S'il est différent à 90% du film de 1941, il reste 10% de ce remake qui cherche à y faire référence et si les petits détails seulement visuels marchent correctement (le bonnet pour cacher les oreilles, les peluches qui ressemblent à la version animée), les plus gros sont ratés. Parmi eux, Pink Elephants on Parade fait exactement ce que les fans de Burton attendaient, la séquence est chouette à regarder, bien photographiée et rythmée par les choeurs de Danny Elfman mais ne sert aucun propos et n'est là que pour faire jolie. Mais sans aucun doute, la reprise la plus foirée est Baby Mine, scène complètement pourrie où Dumbo et sa mère enchaînée ne peuvent que se toucher avec leurs trompes, mais cette fois-ci à peine une minute après qu'ils aient été éloignés! Comment peut-on autant échouer à remettre et comprendre le passage le plus émouvant du film d'animation? Et ceci alors que la même scène aurait très bien pu être déplacée dans le troisième acte à Dreamland. Incompréhensible loupé.

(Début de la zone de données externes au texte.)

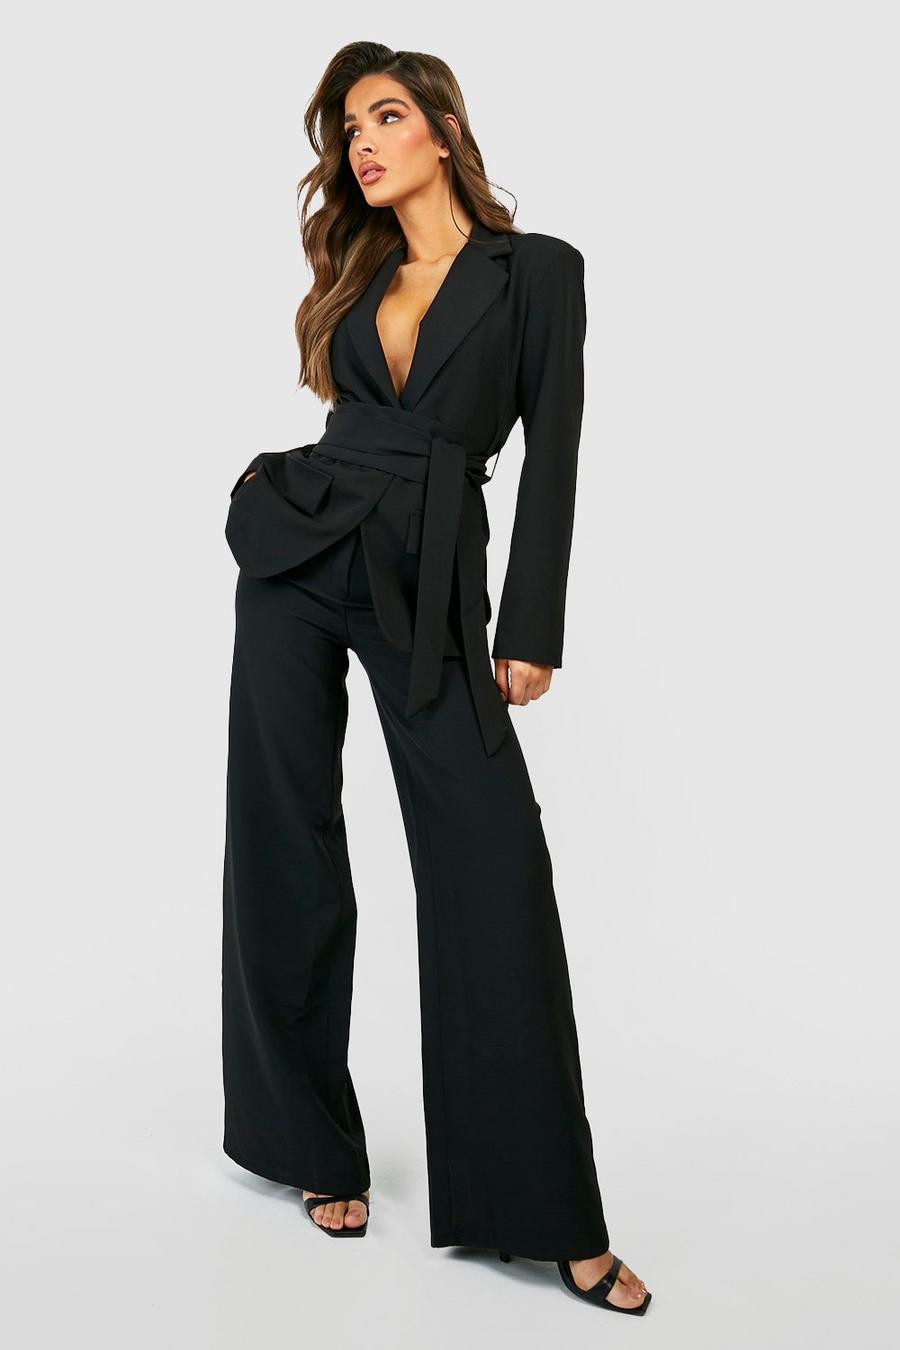 Black Straight Leg Seam Front Tailored Pants image number 1

Tim Burton n'a pas encore (re)trouvé sa plume magique, servant un film pour enfants bien usiné et coloré, même sympathique, mais n'ayant pas encore récupéré l'étincelle de génie qui l'a accompagné dans sa première moitié de carrière. Mais à une heure où les remakes Live-Action de Disney sont manufacturés à l'emporte-pièce, soutenir Dumbo est nécessaire car quitte à subir le remodelage de tous leurs grands dessins animés, mieux vaut encourager une approche inégale mais neuve plutôt qu'un pillage nostalgique.